An international consensus

Health experts at the Second Meeting Consensus on Auditory Implants held in Valencia, Spain in February 2004 made the following recommendations:

“Bilateral cochlear implantation (CI) should be recommended in the following types of patient:

  1. Those in whom the benefits obtained with one CI is poor.
  2. In meningitis, that is developing cochlear ossification the implantation should be performed as soon as possible to achieve full insertion.
  3. Those who want to restore binaural hearing or need it in order to remain in their chosen profession.
  4. Children with permanent bilateral profound hearing loss. Special attention should be paid to young children who are in their speech and language acquisition periods.”

(E. Offeciers (Belgium), C. Morera (Spain), J. Muller (Germany), A. Huarte (Spain), J. Shllop (USA) & L. Cavelle (Spain), International consensus on bilateral cochlear implants and bimodal stimulation, 2004).

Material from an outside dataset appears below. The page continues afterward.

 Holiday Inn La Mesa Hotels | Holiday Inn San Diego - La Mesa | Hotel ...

American Academy of Otolaryngology Head and Neck Surgeons

The Board of Directors of the Hearing Committee of the American Academy of Otolaryngology Head and Neck Surgeons has approved a position statement for bilateral cochlear implantation.

It reads as follows:

Position statement on bilateral cochlear implantation

“Although unilateral cochlear implantation (CI) generally provides good speech understanding in quiet, and has been highly successful in rehabilitation of deaf adults and children, patients with only one CI frequently report difficulty in every day listening conditions.

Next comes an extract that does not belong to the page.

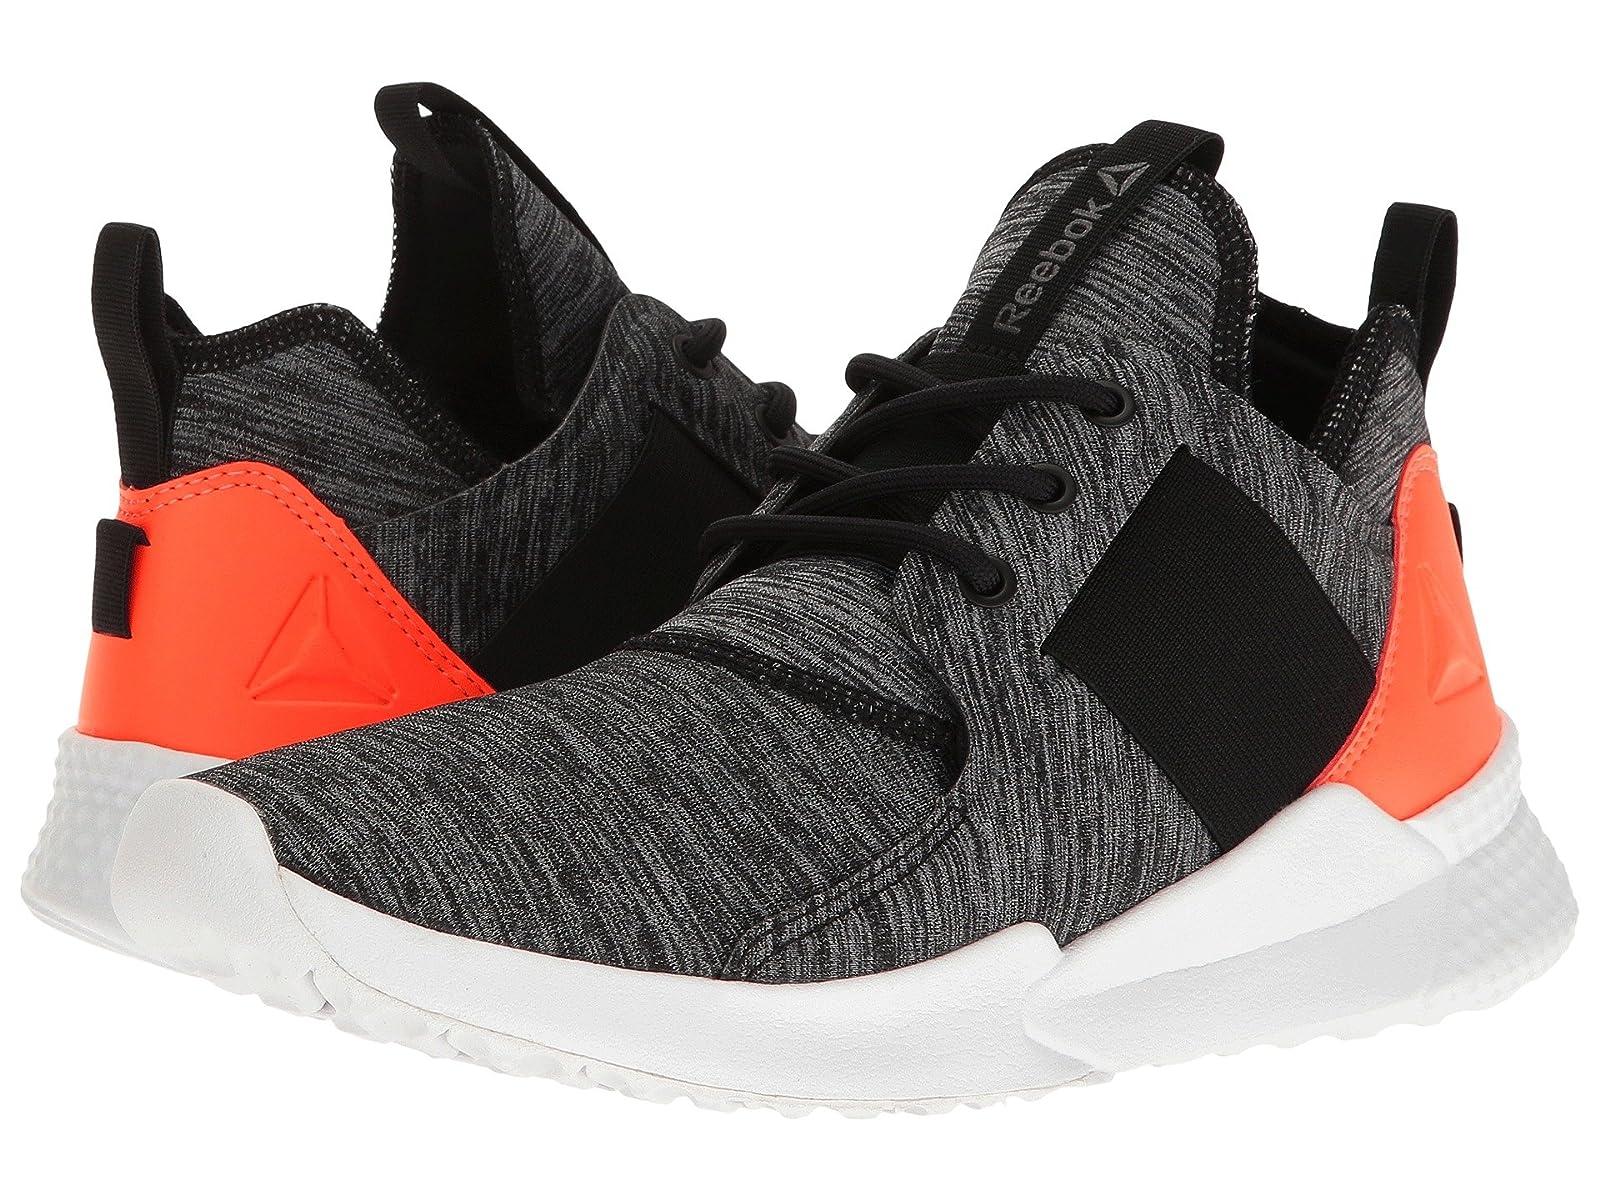 Reebok Pilox 1.0Cheap and distinctive eye-catching shoes

“Localization of sounds is not possible with only one implant, often creating a safety issue, and hearing in noise is very difficult. Over the past decade, a substantial literature has accumulated demonstrating improved speech intelligibility and sound localization with bilateral CIs. These findings are consistent with the psychoacoustic literature that shows the importance of bilateral hearing for normal hearing people and hearing aid recipients.

“The head shadow effect and central effects, based on integration of timing, frequency and level from the two ears, are possible only with binaural hearing and significantly improve speech understanding and sound localization compared to listening with only one CI. The literature is clear that both children and adults perform better with two CIs than with one.

“The William House Cochlear Implant Study Group acknowledges the findings reported in the literature and strongly endorses bilateral cochlear implantation in profoundly deaf adults and children. Bilateral cochlear implantation is now considered accepted medical practice.”